Let $\{e_k\}$ be an orthonormal set in a Hilbert space $\mathcal H$. If $\{c_k\}$ is a sequence of positive real numbers such that $\sum c_k^2<\infty$, then the set $$A = \left\{ \sum_{k=1}^{\infty} a_ke_k :|a_k|\leq c_k \right\}$$ is compact in $H$.
I refered to this page and below is my trial.
Let $S_0 = \{(a_1,a_2,a_3,...):a_k \in \mathbb C, \sum_{k=1}^{\infty} a_k e_k \in A \}$, $f_n = \sum_{k=1}^{\infty} a_{n,k}e_k \in A$, and $A_1 = \{a_{n,1} \}_n$. $|a_{n,1}| \le c_1 \forall n$, so $A_1$ is a bounded sequence in $\mathbb C$. Then, there is a subsequence $\{a_{n_j,1} \}_j$ such that $\lim_{j\to \infty}a_{n_j,1} = b_1\quad (|b_1| \le |c_1|)$.
Let $S_1 = \{(a_1,a_2,a_3,...):a_1 \in A_1, S_1 \subset S_0 \}$, and $A_2 = \{a_{n,2} \}_n$....
Continuing this process inducively, $S_m$ can be obtained $(m \in \mathbb N)$ so that $S_{m+1} \subset S_m$ and $\lim_{j\to \infty}a_{n_j,k} = b_k \quad (|b_k| \le |c_k|), k = 1,...,m$. $\{a_{n_j,k}\}_j$ is a sequence of kth element of $S_m$.
Let $f_{n_j} = \sum_{k=1}^{\infty} a_{n_j,k}e_k$, and $f = \sum_{k=1}^{\infty} b_k e_k$.
Then, $\Vert f_{n_j} - f \Vert = \Vert \sum_k (a_{n_j,k}-b_k)e_k \Vert \le \sum_k \Vert (a_{n_j,k}-b_k)e_k \Vert = \sum_k |a_{n_j,k}-b_k|$
After then, I wanted to show that $\lim_{j\to\infty} \Vert f_{n_j} - f \Vert = 0$, but I found it difficult to show $$\lim_{j\to\infty}\sum_{k=1}^{\infty}|a_{n_j,k}-b_k| = 0$$
Any comments about my trial, whether my approach is correct or not, some errors if exists, how to finish this, or other better ideas, would be appreciated. Thank you.
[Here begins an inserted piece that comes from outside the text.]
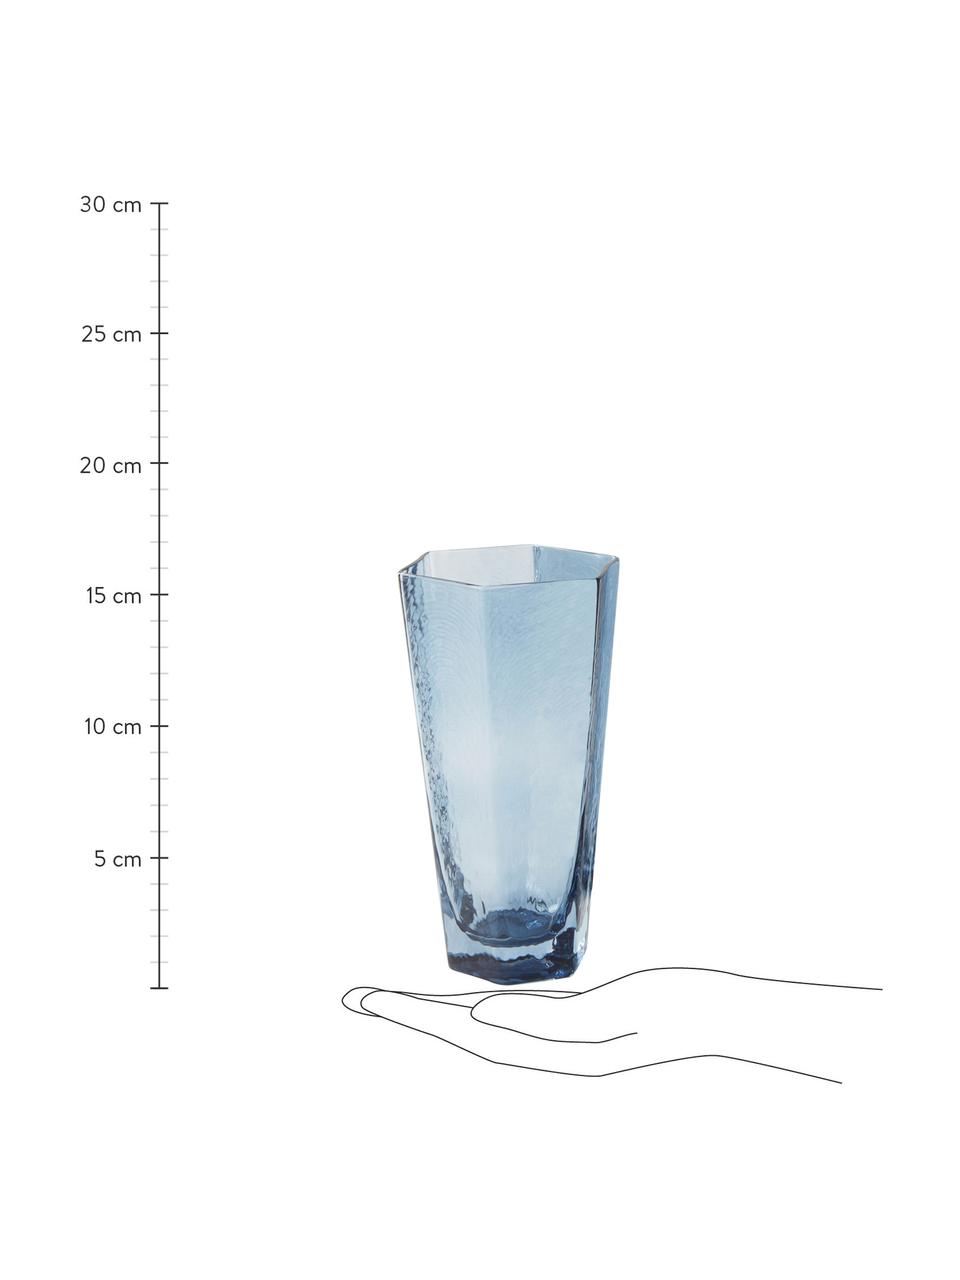 Waterglazen Amory in blauw, 4 stuks, Glas, Blauw, transparant, Ø 9 x H 17 cm, 500 ml
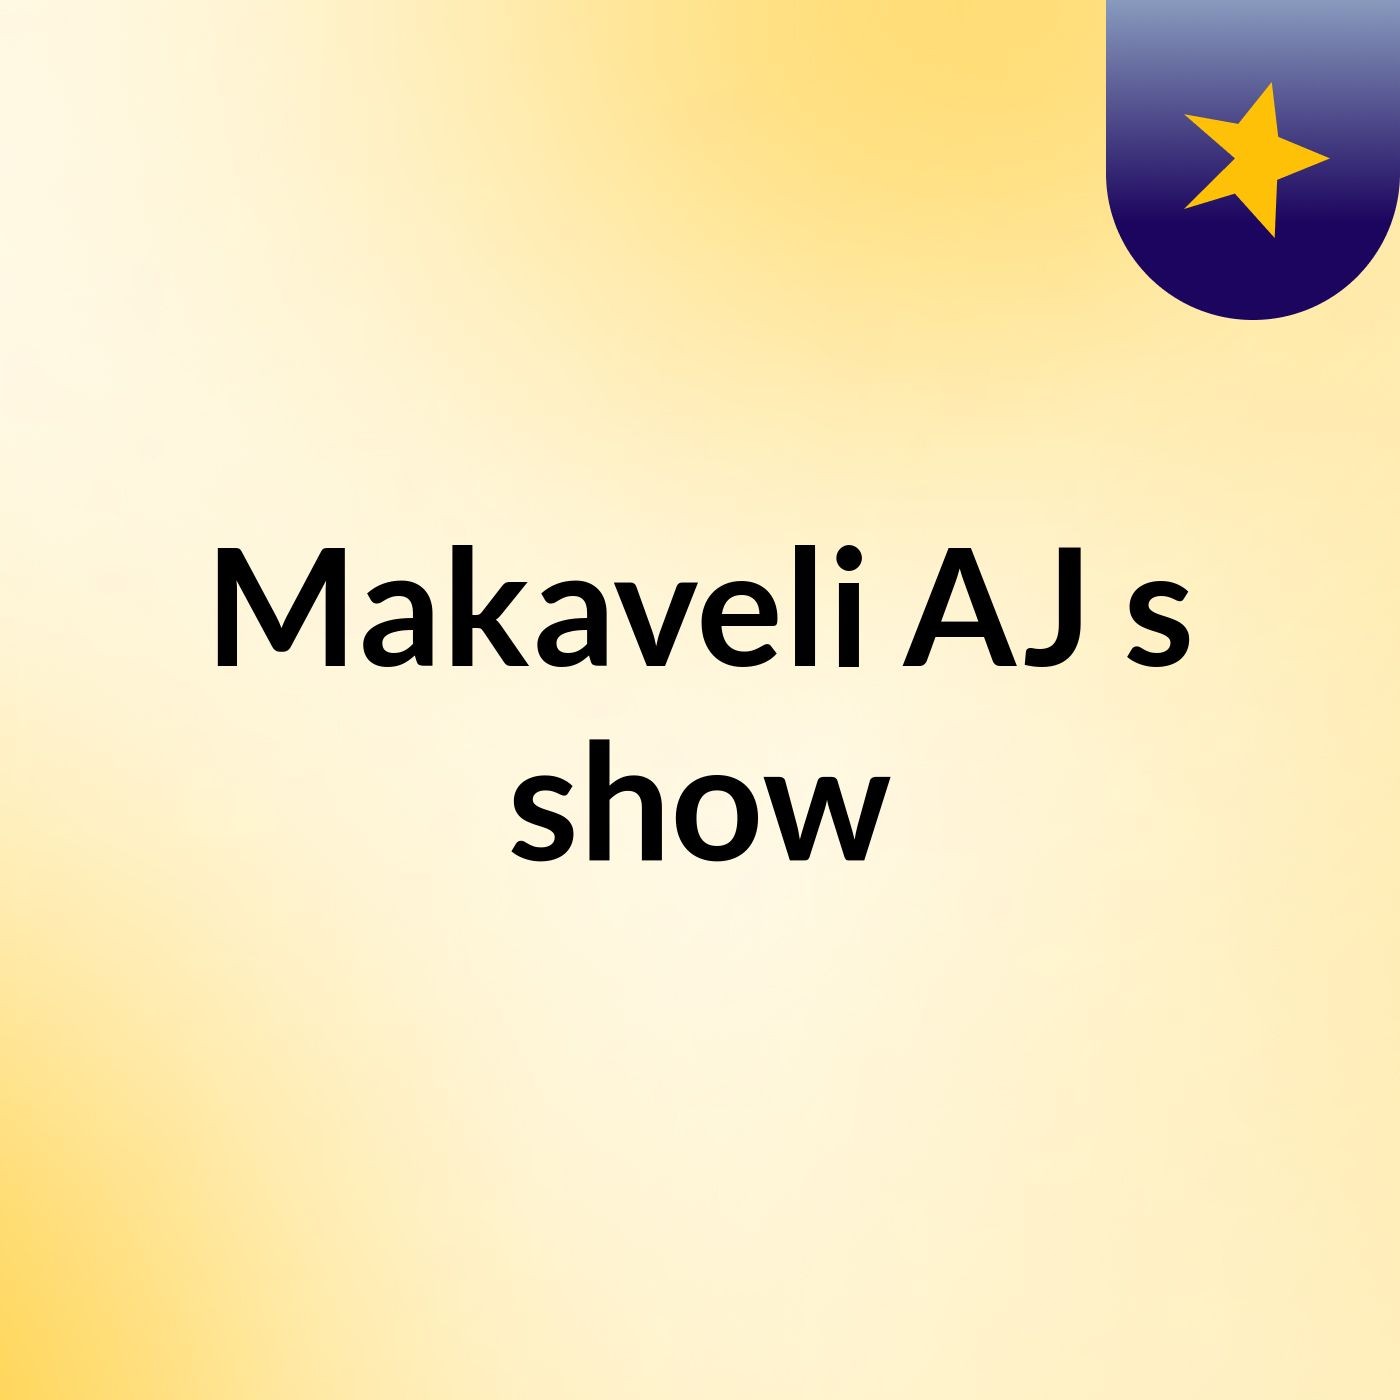 Makaveli AJ's show

The set $A$ can be described in a more convenient way as $$A=\left \{\sum_{k=1}^\infty x_kc_ke_k\,:\,|x_k|\le 1\right \}$$ The rest of the proof is standard but, in my opinion, slightly more transparent due to the modified description of $A.$
Let $u_n:=\sum_{k=1}^\infty x_k^{(n)}c_ke_k$ be a sequence in $A.$ Then $\{x^{(n)}_k\}_{n=1}^\infty$ form a family of sequences indexed by $k,$ all bounded by $1.$ By applying the diagonal method we get a subsquence $n_j$ such that $x^{(n_j)}_k$ is convergent for every $k.$ WLOG we may assume that $x^{(n)}_k$ is convergent for every $k.$ Let $x_k=\lim_n x^{(n)}_k.$ Then $|x_k|\le 1.$ Fix $\varepsilon>0.$ There exists $K$ such that $\sum_{k=K+1}^\infty c_k^2<\varepsilon ^2.$ Hence $$\left \|\sum_{k=1}^\infty x_k^{(n)}c_ke_k-\sum_{k=1}^\infty x_kc_ke_k\right \|\\ \le \sum_{k=1}^K |x_k^{(n)}-x_k|c_k+\left \|\sum_{k=K+1}^\infty x_k^{(n)}c_ke_k\right \|+\left \|\sum_{k=K+1}^\infty x_kc_ke_k\right \|\\ = \sum_{k=1}^K |x_k^{(n)}-x_k|c_k+\left (\sum_{k=K+1}^\infty |x_k^{(n)}|^2c_k^2\right )^{1/2}+\left (\sum_{k=K+1}^\infty |x_k|^2c_k^2\right)^{1/2} \\ \le \sum_{k=1}^K |x_k^{(n)}-x_k|c_k+2\varepsilon$$ Now the first finite sum is less than $\varepsilon$ if $n$ is large enough.